= Saflieni phase =

Archaeological phase of Maltese prehistory

The Saflieni phase is one of the eleven phases of Maltese prehistory, the fourth of five in the middle or Temple period. It is named for the Ħal Saflieni Hypogeum, an underground temple complex now recognised as a World Heritage Site by UNESCO, which was built mainly in this period.
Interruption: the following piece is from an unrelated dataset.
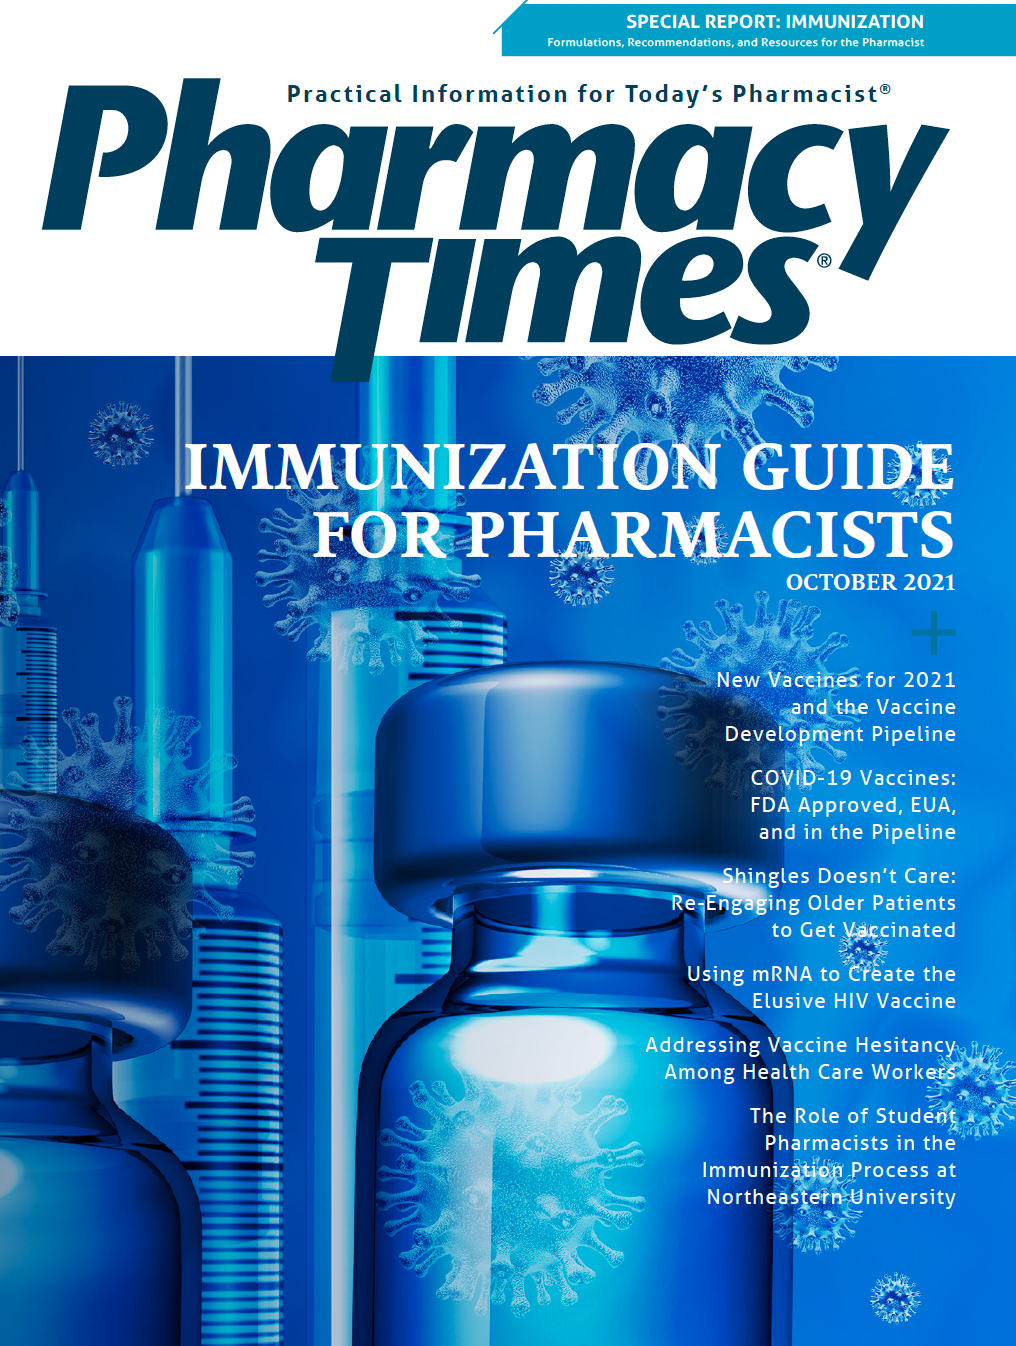 October 2021 Immunization Guide for Pharmacists

e hMaltese prehistoric chronology (Based on recalibrated radiocarbon dating)
| Period | Phase | Dates BC c. |
| Neolithic (5900–4100 BC) | Għar Dalam | 5900–4500 BC |
| Grey Skorba | 4500–4400 BC |
| Red Skorba | 4400–4100 BC |
| Temple Period (4100–2500 BC) | Żebbuġ | 4100–3800 BC |
| Mġarr | 3800–3600 BC |
| Ġgantija | 3600–3000 BC |
| Saflieni | 3300–3000 BC |
| Tarxien | 3000–2500 BC |
| Bronze Age (2500–700 BC) | Tarxien Cemetery | 2500–1500 BC |
| Borġ in-Nadur | 1500–700 BC |
| Baħrija | 900–700 BC |

==Overview==
The Saflieni phase, from approximately 3300–3000 BC, is a brief transitional phase between the Ġgantija and Tarxien phases, the two main phases during which the principal Megalithic temples of Malta were built. Saflieni-phase ceramics may provide a useful indication of separation between the two long phases. They have been recovered from a number of Megalithic sites, including: the top level of the remains at Santa Verna at Xagħra in Gozo; from the eastern part of the temple of Ta' Ħaġrat in Mġarr; and from the lower levels of the east temple at Skorba.